Le robot conversationnel ChatGPT avait surpris le monde entier fin 2022 par ses capacités à fournir des réponses précises aux requêtes sur le mode de la conversation et à générer des textes à volonté, laissant entrevoir une nouvelle façon d’appréhender le Web mais menaçant aussi de nombreux métiers.
S’il utilisait le modèle de langage GPT 3.5 à son lancement, la bascule vers le modèle GPT-4 a largement renforcé ses performances, le rendant toujours plus pertinent et capable de générer toutes sortes de texte, tout en amplifiant ses défauts en matière de création de fake news et de désinformation massive.
Ce qu’il sait faire en matière de texte, d’autres IA peuvent le faire avec des images, des vidéos ou de l’audio de façon toujours plus subtile et propre à pouvoir manipuler ou tromper l’opinion, déjà très prompte à réagir de façon émotionnelle et immédiate sur un fragment d’information, vraie ou fausse.

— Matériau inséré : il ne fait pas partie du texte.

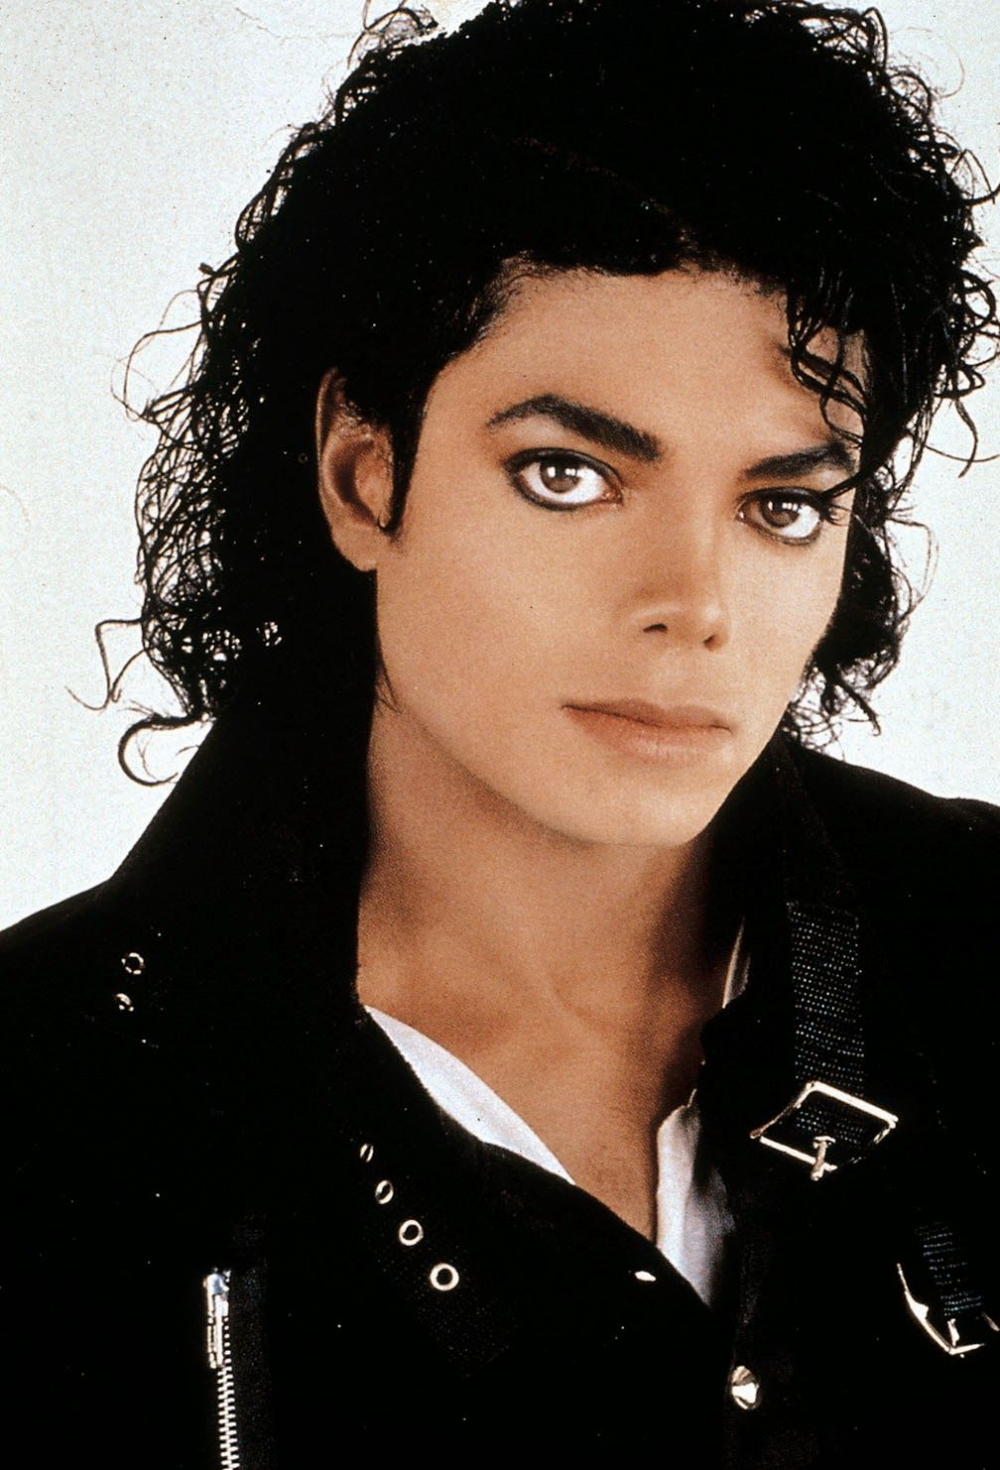 Michael Jackson Poster Culture Posters Michael Jackson Poster Michael Jackson Bad Michael Jackson Wallpaper
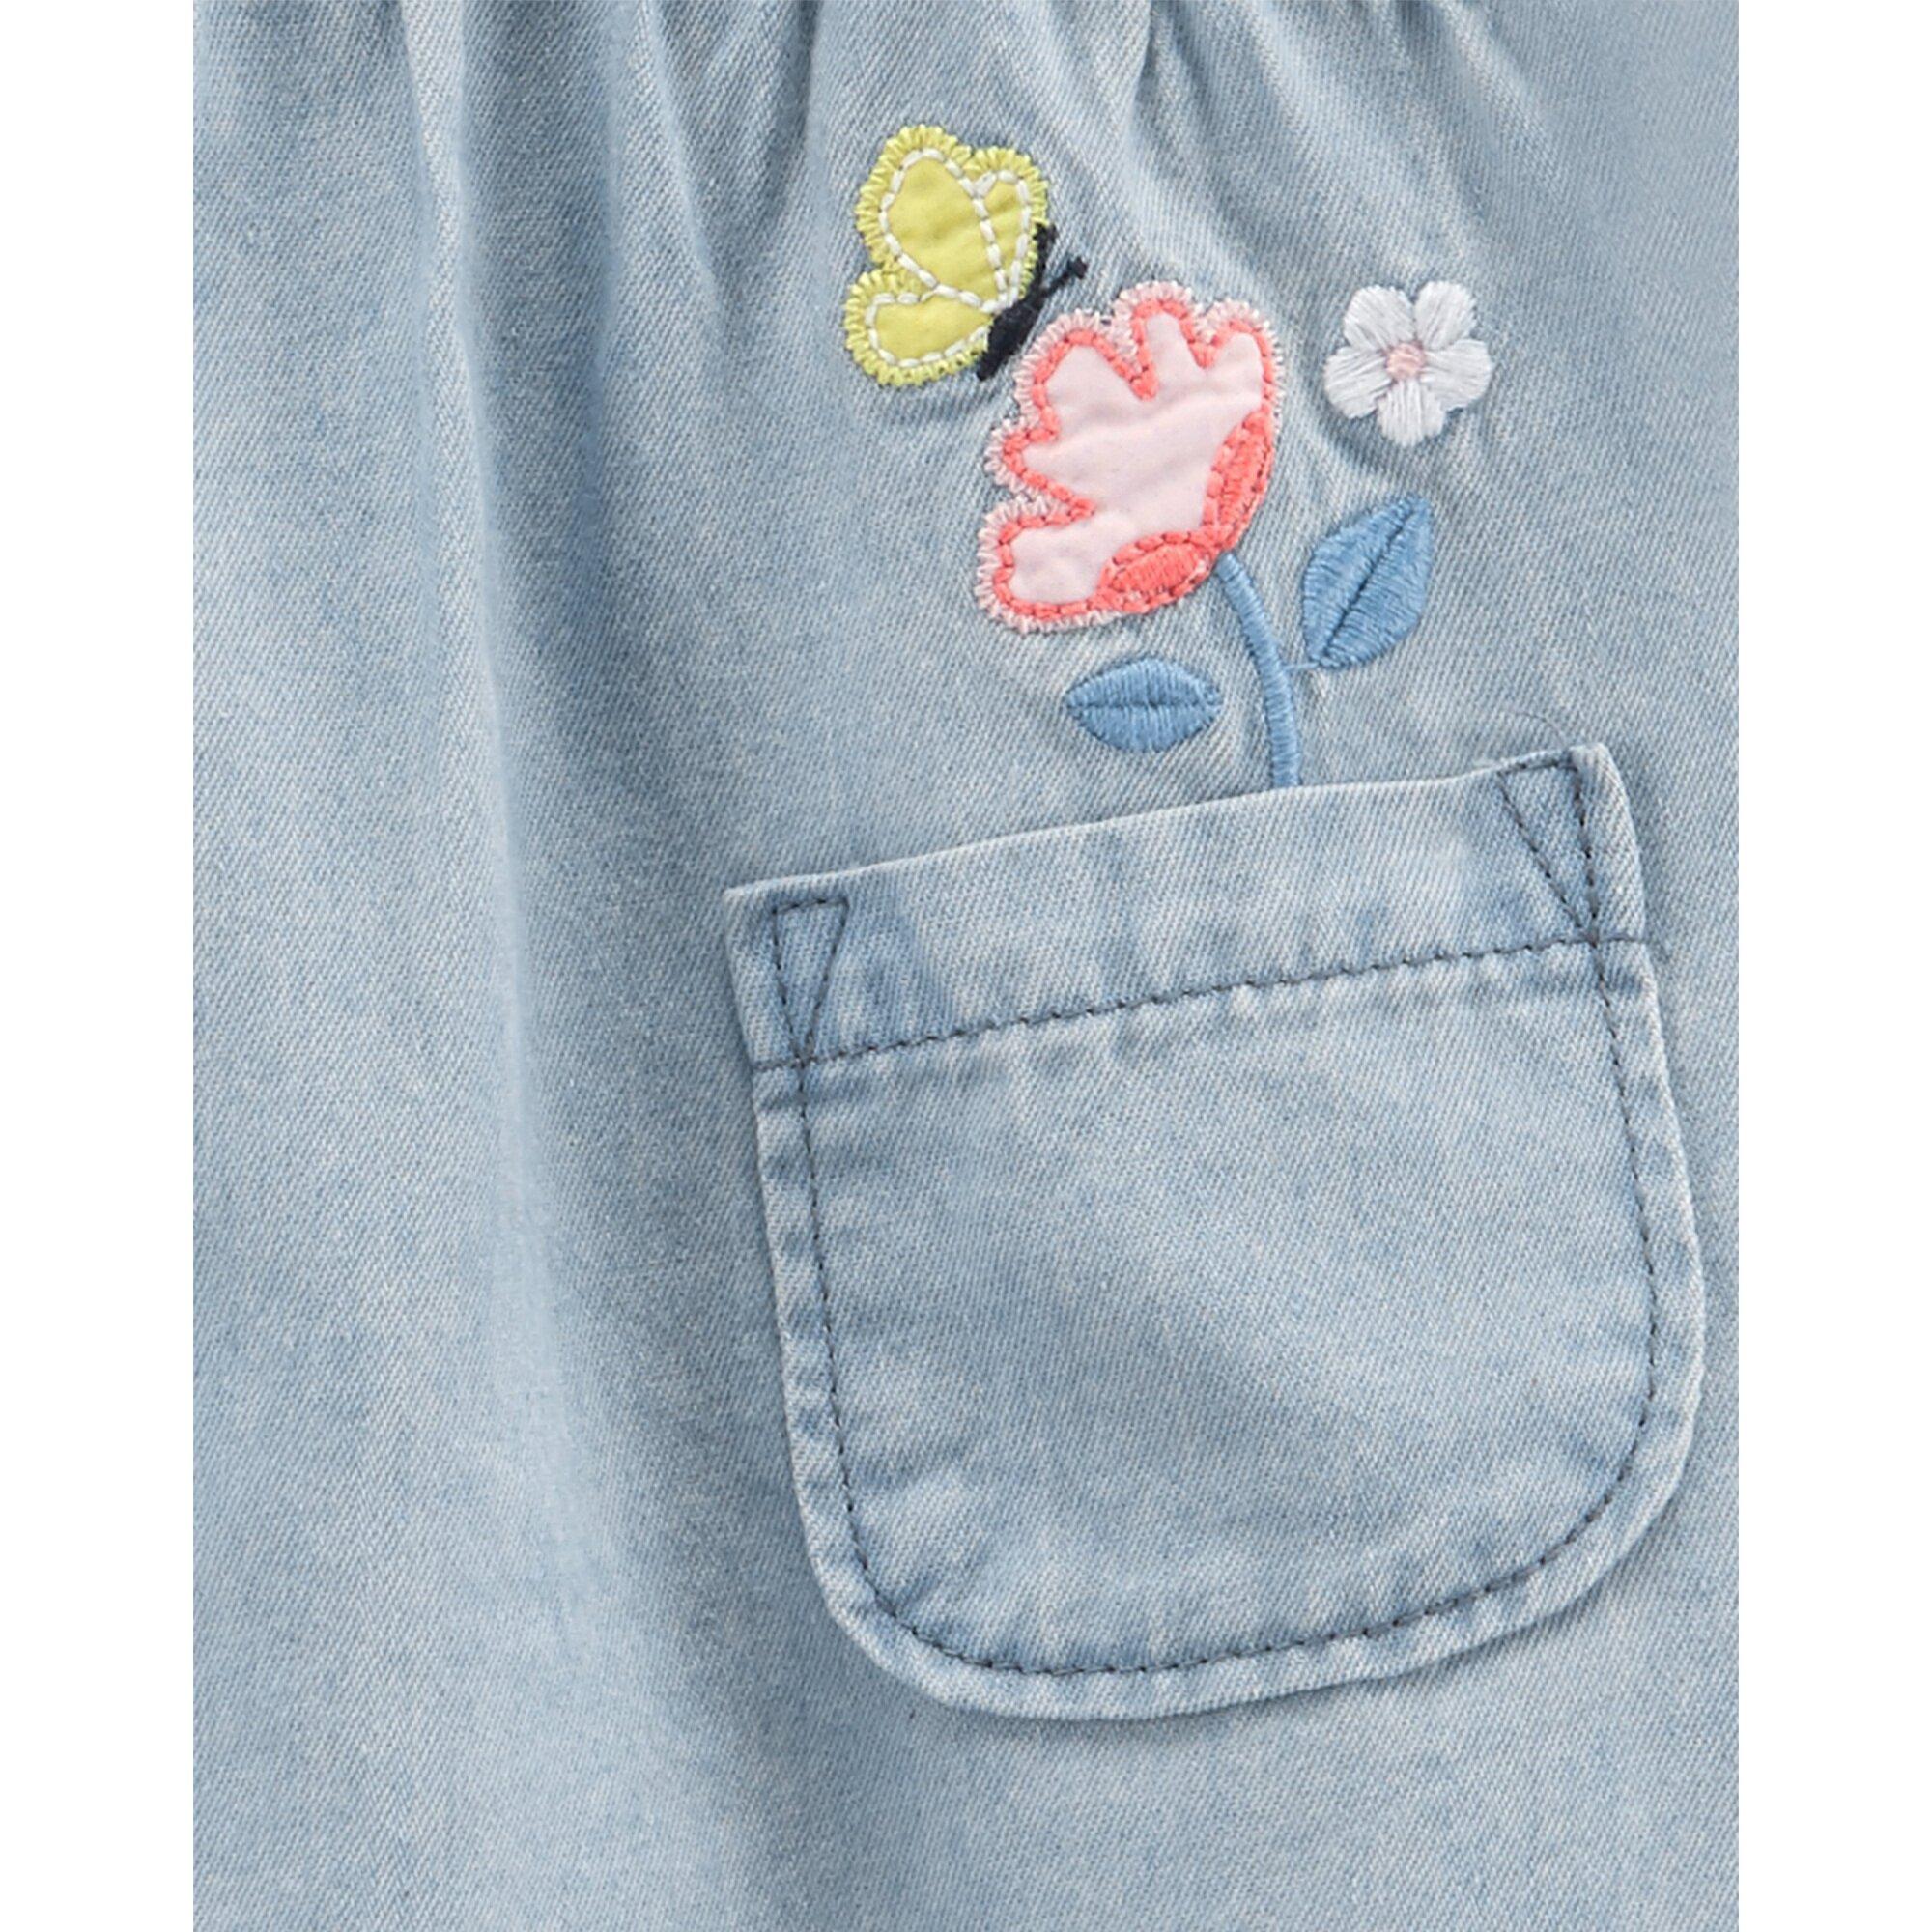 carter-s-2-tlg-set-jeans-tunika-flugelarm-und-leggings-blumen

Les IA avancées sans contrôle, un risque pour l’humanité
Devant les dangers qui se profilent dès à présent des mésusages des intelligences artificielles, le milliardaire Elon Musk ainsi qu’un groupe d’experts en IA appellent dans une lettre ouverte à une mise en pause pour six mois au moins des développements d’intelligences artificielles plus puissantes que le GPT-4 d’OpenAI.
Considérant que les intelligences en concurrence avec les humains peuvent générer « des risques importants pour la société et l’humanité » et que trop de garde-fous sont posés pour contenir ces risques dans un secteur lancé dans une course aux IA toujours plus puissantes, il est urgent de recadrer ces travaux alors que même leurs créateurs ne peuvent « les comprendre, les anticiper ou les contrôler de façon fiable« .
L’argument fait sans doute référence aux propos de Sam Altman, président d’OpenAI, qui indique lui-même avoir « un peu peur » de l’étendue des possibilités de ChatGPT et de conséquences imprévues dans ses usages criminels comme dans ses effets sur la société.
Une pause pour mieux progresser ensuite
La lettre ouverte est signée par un millier de personnalités du secteur de l’intelligence artificielle et la présence d’Elon Musk parmi les signataires n’est pas étonnante dans la mesure où l’homme d’affaires exprime depuis longtemps des craintes face à l’essor rapide des intelligences artificielles avancées.
Le lancement de ChatGPT a déclenché une frénésie de projets IA émergeant partout dans le monde, parfois de façon précipitée pour ne pas rester en retrait des derniers développements et malgré les alertes sur les dysfonctionnements, comme les hallucinations des IA, ou les utilisations frauduleuses de plus en plus subtiles et difficilement détectables.
La pause de six mois doit permettre de mettre en place un ensemble de règles et de protocoles de sécurité pour la conception d’IA avancées qui permettront la poursuite des projets sans tomber dans une course se focalisant uniquement sur les performances sans prendre en compte les effets indésirables d’intelligences en passe de surpasser les humains sur bien des points.
Les experts en appellent aussi aux politiques pour constituer des autorités et régulateurs dédiés à l’intelligence artificielle capables de réguler le secteur, d’assurer une supervision des avancées mais aussi d’encadrer la gestion des risques que des IA pourraient causer à l’avenir.
Cet appel à une modération sera-t-il entendu ? L’irruption de ChatGPT a ouvert une boîte de Pandore et fait émerger des projets d’IA qui restaient jusque là confinées dans les laboratoires de grands groupes.
Désormais, les projets sont nombreux, personne ne voulant rester en arrière et manquer l’opportunité de financements, même si la plupart sont présentés alors qu’ils sont loin d’être finalisés.
Pourtant, d’importantes questions restent en suspens, à commencer par l’utilisation de l’immense quantité de données récupérées sans droit depuis l’Internet pour entraîner les intelligences artificielles génératives et dont les détenteurs commencent déjà à se manifester.
La question de l’impact environnemental de ces IA avancées va également se poser de façon plus aigue. Il faut des dizaines de milliers de cartes graphiques pour faire fonctionner ChatGPT ou les IA créatrices d’images ou de vidéos et chaque requête est une grosse bouffée de CO2 alimentant le réchauffement climatique. Des solutions devront être trouvées là aussi.